How this skill works

The skill runs phasing engines (Beagle 5.4 or SHAPEIT5) on normalized, filtered VCF/BCF inputs to produce phased outputs (| notation). It supports using genetic maps and reference panels to improve accuracy, per-chromosome batching for parallelization, and two-stage SHAPEIT5 workflows for large datasets (common scaffold then rare-variant phasing). It also includes example commands to inspect and validate phased genotypes.

When to use it

  • Preparing VCFs for genotype imputation workflows
  • HLA typing workflows that require phased alleles
  • Population genetics analyses that need haplotypes (LD, IBD, selection scans)
  • Large-cohort phasing where memory and speed trade-offs matter
  • When you have a suitable reference panel or genetic map to improve accuracy

Best practices

  • Normalize and filter input VCFs first (biallelic SNPs, remove missing if needed)
  • Phase per chromosome to parallelize and reduce memory load, then concat outputs with bcftools
  • Provide a genetic map and, if available, a reference panel to improve phasing accuracy
  • Set seed and document parameters (nthreads, window, ne) for reproducibility
  • Check outputs for phased genotype notation (0|1 vs 0/1) and compute switch error rates if truth sets exist

Example use cases

  • Run Beagle for a medium cohort with a genetic map: java -jar beagle.jar gt=input.vcf.gz map=genetic_map.txt out=phased nthreads=8
  • Phase biobank-scale data with SHAPEIT5: phase common variants to build a scaffold, then phase rare variants onto that scaffold
  • Phase each chromosome in parallel then concatenate with bcftools concat and index with bcftools index
  • Use a reference panel with Beagle or SHAPEIT5 to improve phasing of rare alleles before downstream imputation
  • Validate phased output by querying GT fields and counting '|' phased genotypes using bcftools query

FAQ

Which tool should I choose: Beagle or SHAPEIT5?
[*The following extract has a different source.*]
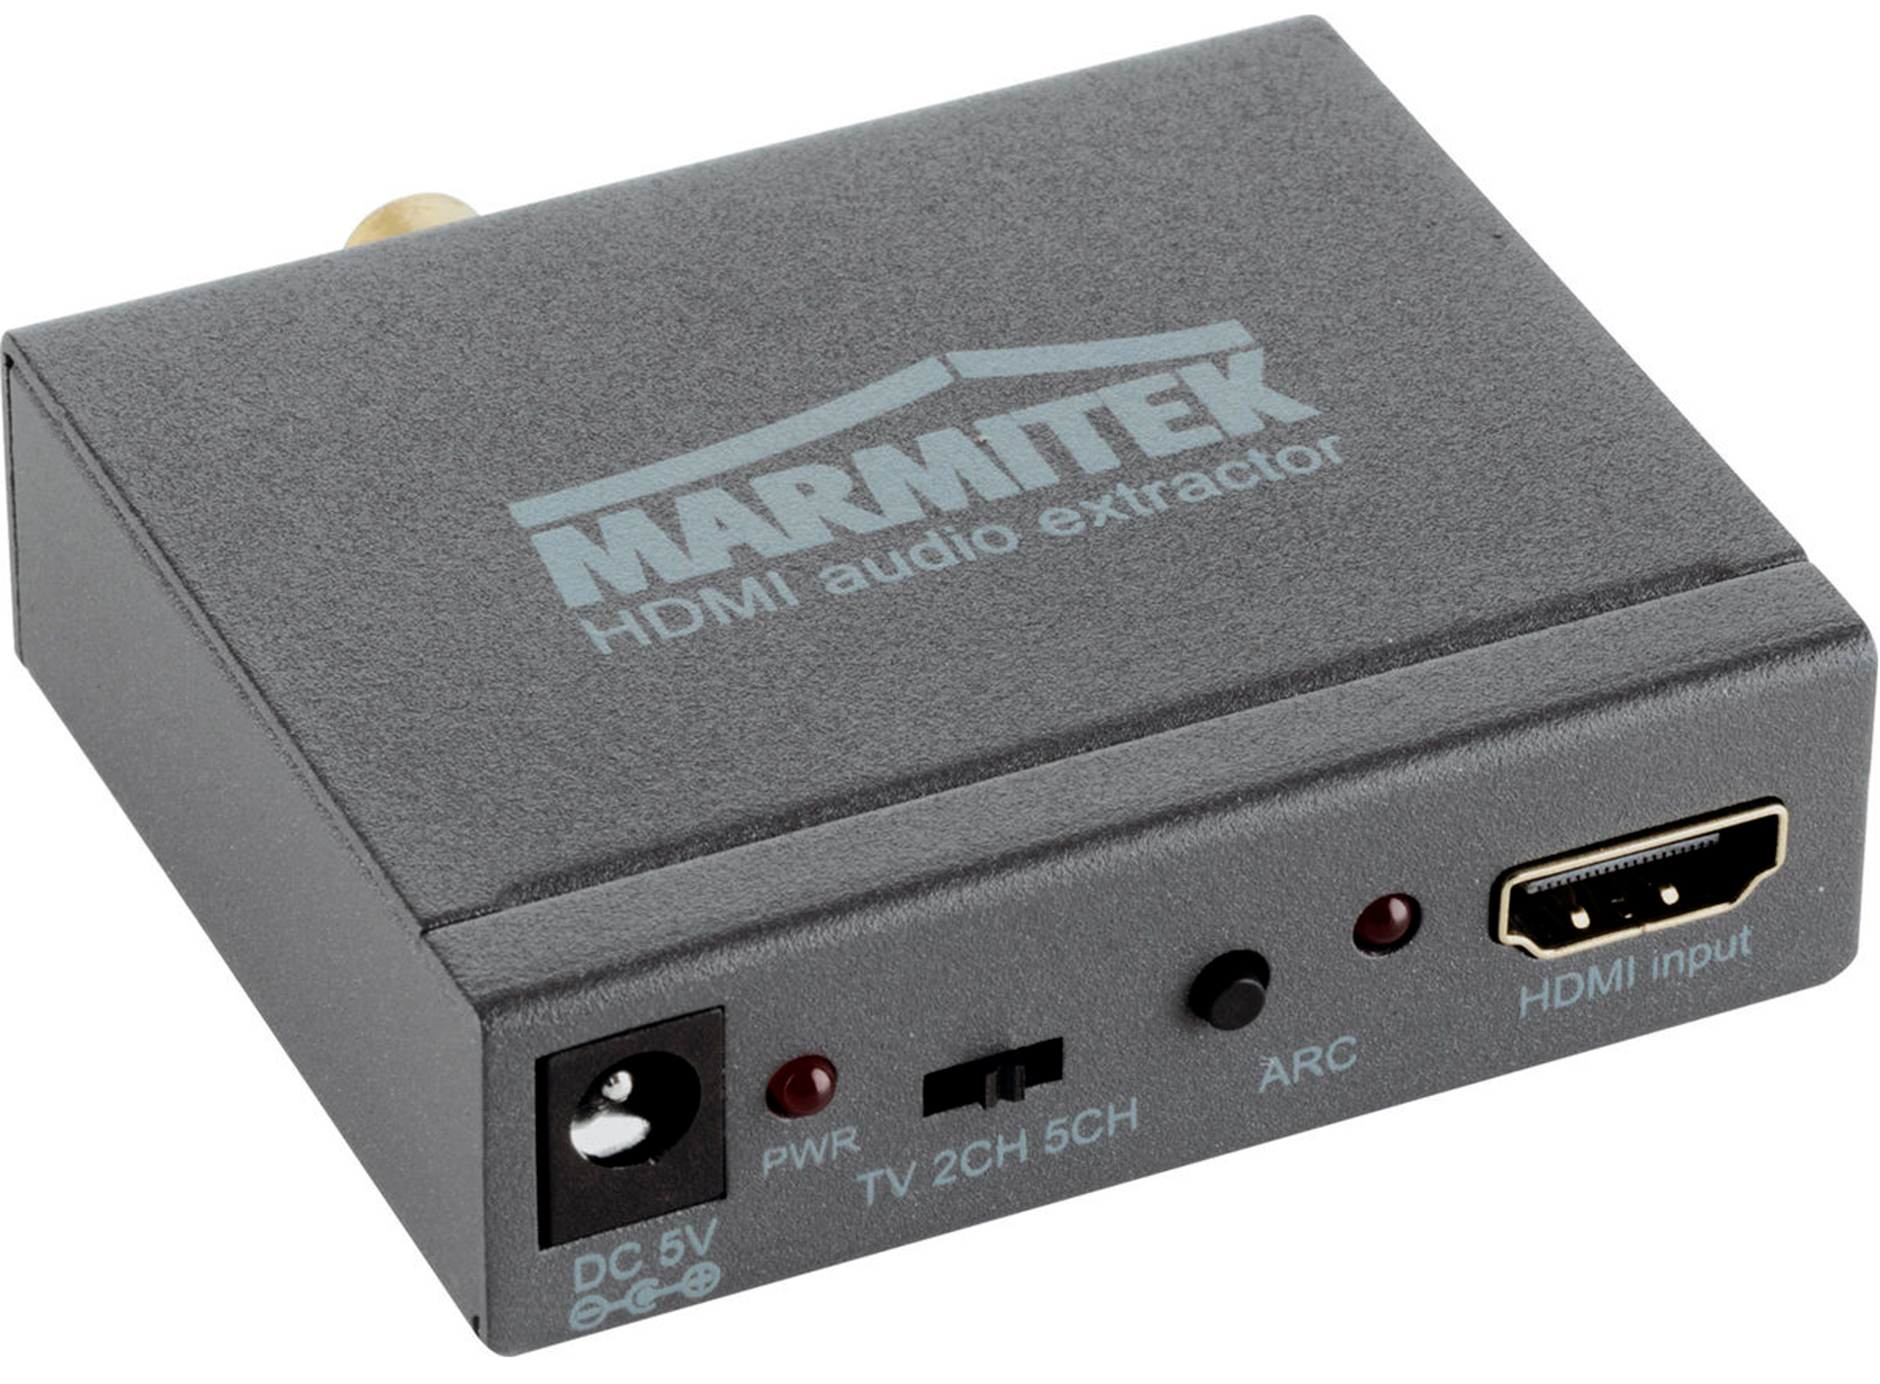 Marmitek Connect AE14 - Convertisseur HDMI - La boutique d'Eric

Beagle 5.4 is a solid general-purpose phaser and easy to run; SHAPEIT5 scales better for very large datasets and supports a two-stage common+rare phasing strategy. Choose based on dataset size, memory, and available reference panels.

Do I always need a genetic map or reference panel?

No, phasing works without them but accuracy improves with a genetic map and especially with a matched reference panel. Use maps and panels when available for better phasing of both common and rare variants.

How do I check that phasing succeeded?

Inspect genotype fields with bcftools query and confirm phased GTs contain '|' characters. For accuracy, compare against trio truth data or compute switch error rates when truth is available.